Payday Loan Hypothesis Test

Example: let’s again consider whether payday loan borrowers support regulation on the loans that require evaluating debt payments. Suppose we have a random sample of 826 borrowers, and 51% said they support regulation.

Is it reasonable to model $\hat p$ w/ a normal distribution?

Independence holds because it’s a random sample; and $np_0 = 413$ and $n(1-p_0)=413$ (we are using the null parameter $p_0=0.5$ here). Thus normal model is reasonable.

What hypothesis should we be testing?

$H_0$: not support for regulation, $p\leq 0.5$.
$H_A$: support for regulation, $p>0.5$.

Under a significance level $\alpha = 0.05$, should we reject $H_0$ given the data?

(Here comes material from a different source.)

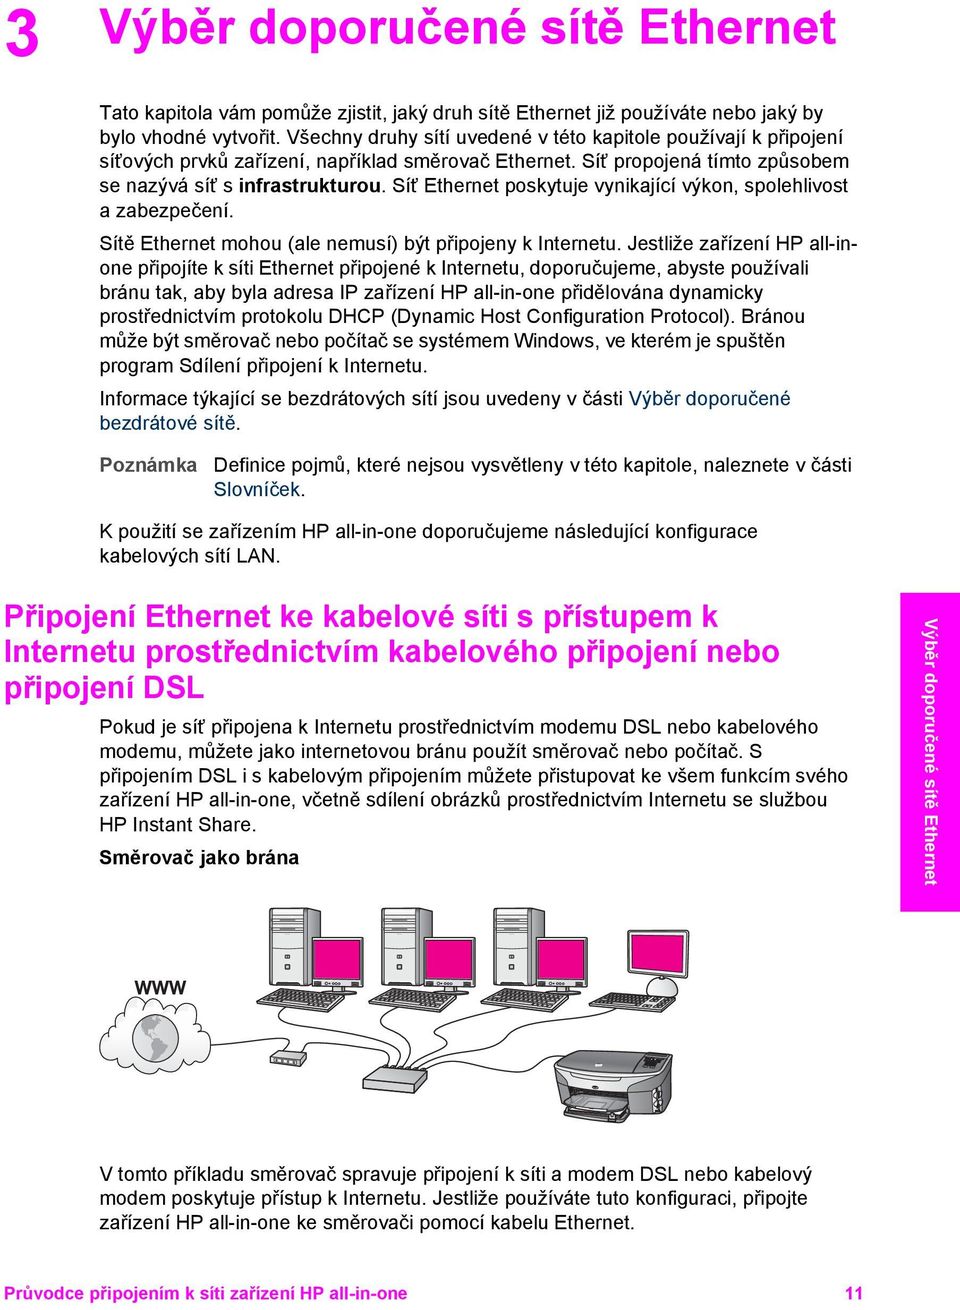 Síť Ethernet poskytuje vynikající výkon, spolehlivost a zabezpečení. Sítě Ethernet mohou (ale nemusí) být připojeny k Internetu.

Let’s first try deciding using Z-score.
$SE(p_0) = \sqrt{\frac{p_0(1-p_0)}n} = \sqrt{\frac{0.5(1-0.5)}{826}} = 0.017$.
Based on the normal model, the test statistic can be computed as the Z score of the point estimate: \[\begin{align*} Z = \frac{\hat{p} - p_0}{SE(p_0)} = \frac{0.51 - 0.5}{0.017} = 0.59 \end{align*}\] $\hat{p}$ within 1 std dev of the mean, so don’t reject $H_0$
Now try p-value (area of shaded region).

normTail(0.5, 0.017, U = 0.51, col = IMSCOL["blue", "full"])

Tail area which represents the p-value is 0.2776.
B/c p-value is larger than 0.05, do not reject $H_0.$

Conclusion: The poll does not provide convincing enough evidence that a majority of payday loan borrowers support loan regulations.